Of course, that’s not always easy, with 73 per cent of Australian “couple” families having two working parents, but Martin says that a quick g’day to the teacher on a once-a-week drop-off, or an email to check how your child is faring, can lay great groundwork before things go awry.
“You might say, ‘I want to support the work you are doing. Is there anything we can do at home?’” he says.
“It’s important for kids to know that parents aren’t just sitting at home or going to work not knowing anything about what’s happening at school.”
Respect teachers’ expertise (and workload)
Just as someone wouldn’t swan into their accountant’s office and give them advice on how to prepare a tax return, Martin urges parents not to assume they understand classroom dynamics just because they once attended school themselves.
“Parents often roll in and go, ‘I know as much as the teacher, so I’m going to tell the teacher what to do’,” he says.
Not only are teachers often managing a big group of kids with increasingly complex needs, Martin says there is more to fit into the timetable than ever before.
“Teachers went to university and they are experts in what they do. They have a monstrous job, these days, and have to fit the curriculum in, along with a lot of other social and emotional [lessons] – it’s a much bigger gig than it used to be,” he says.
“There is also a trend of parents bypassing the teacher and going straight to the principal without having a conversation and giving the teacher the right to a reply.”
Be curious about your child
Many parents are surprised to discover that their children are really different at school compared with how they behave at home.
“We want to be in partnership with teachers saying, ‘I know your kid at school and you know your kid at home, so what do you know about home that will help me in the classroom?’ and vice versa,” says Martin.

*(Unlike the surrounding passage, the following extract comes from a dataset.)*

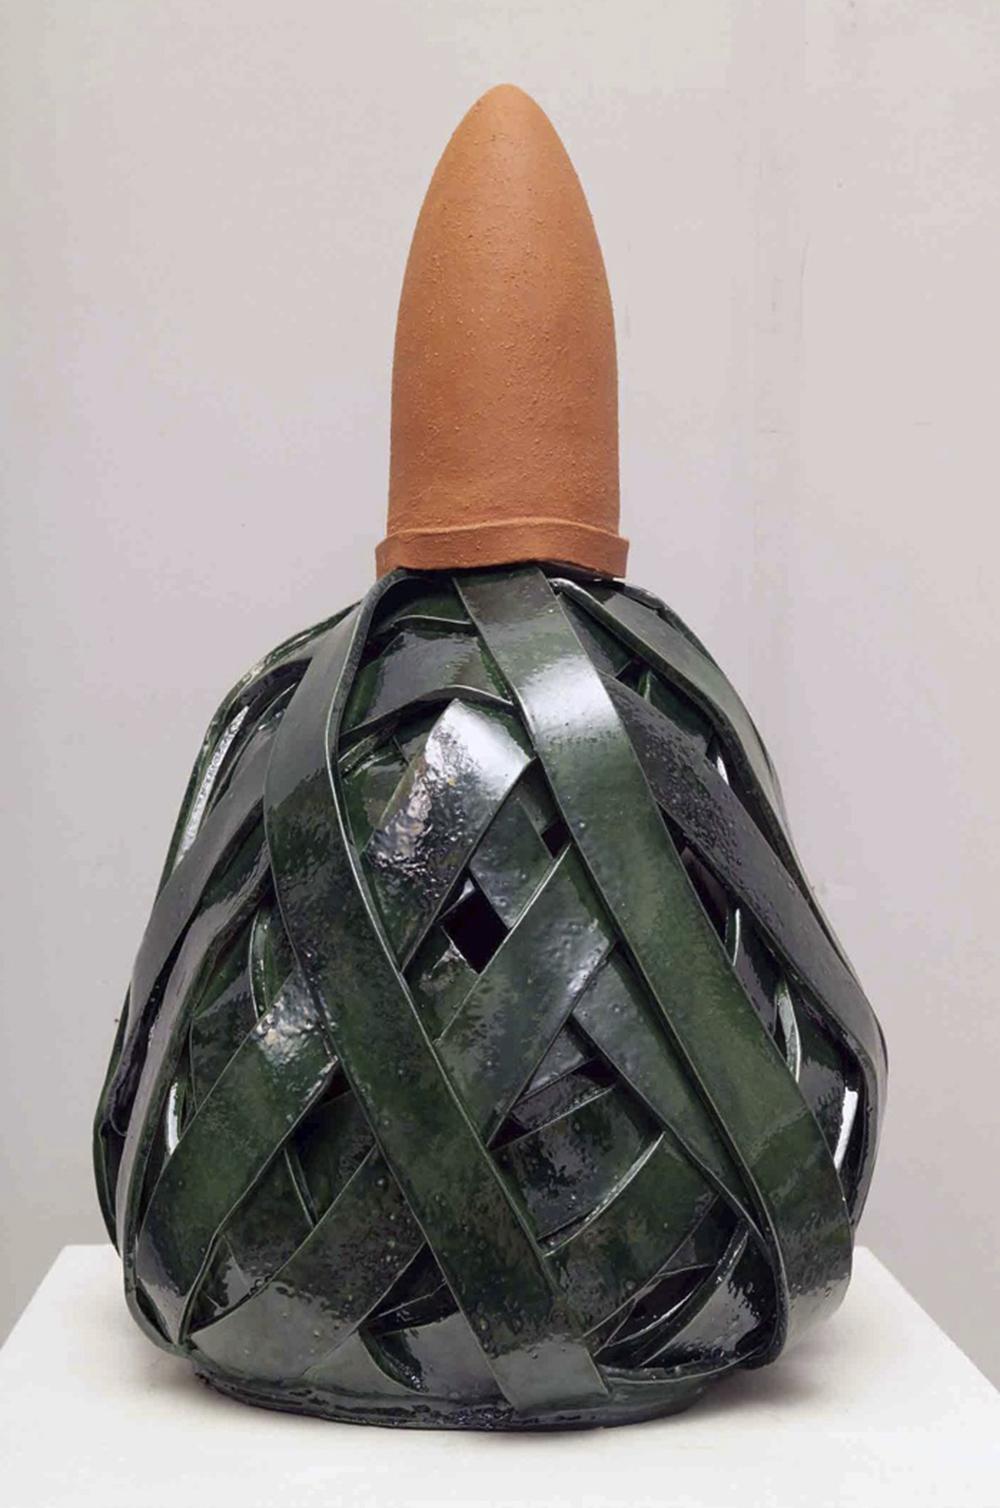 Aldo Mondino, Il turbante, 1990, ceramica, cm h85x55

“There’s often a lot that both people could share. A good teacher could tell you a lot about your kids and you might find yourself saying, ‘That’s interesting, we don’t see that’.”
Above all, Martin advises parents not to bad-mouth the school in front of their kids.
“If a kid sees mum and dad disagree with the school, or think the teachers are idiots, the kid will likely adopt that view,” he says.
“In my case, I should have said to my son, ‘Charlie, I’m going to have a chat with the school but it doesn’t sound like you handled it very well and I’m supporting the school with this’.”
Give children a chance to rectify
As tempting as it might be to march into school to find out why your child is so upset, Martin says that oftentimes they benefit from advocating for themselves, or taking responsibility for the part they played.
“Kids can get really good at solving some of this stuff and if it’s not a pattern of behaviour and the story they tell you is not life-changing or development-altering, sometimes leaving it is a good thing to do,” he says.
“Teachers are only human and they can get frustrated … but at the same time, kids can be really sensitive. You could ask them, ‘What could you do better next time?’ Because we are trying to teach our kids to be resilient and that you’re not here to save them.”
At the same time, McCormack says parents should feel confident advocating for their child when required.
“Asking for adjustments or what options are available is completely appropriate – you should not feel like advocating is in some way causing them trouble,” he says.
“Allowing your kids to see you advocate on their behalf is really good, so they develop this language of talking about their needs, and when they do that they can become an advocate for themselves.”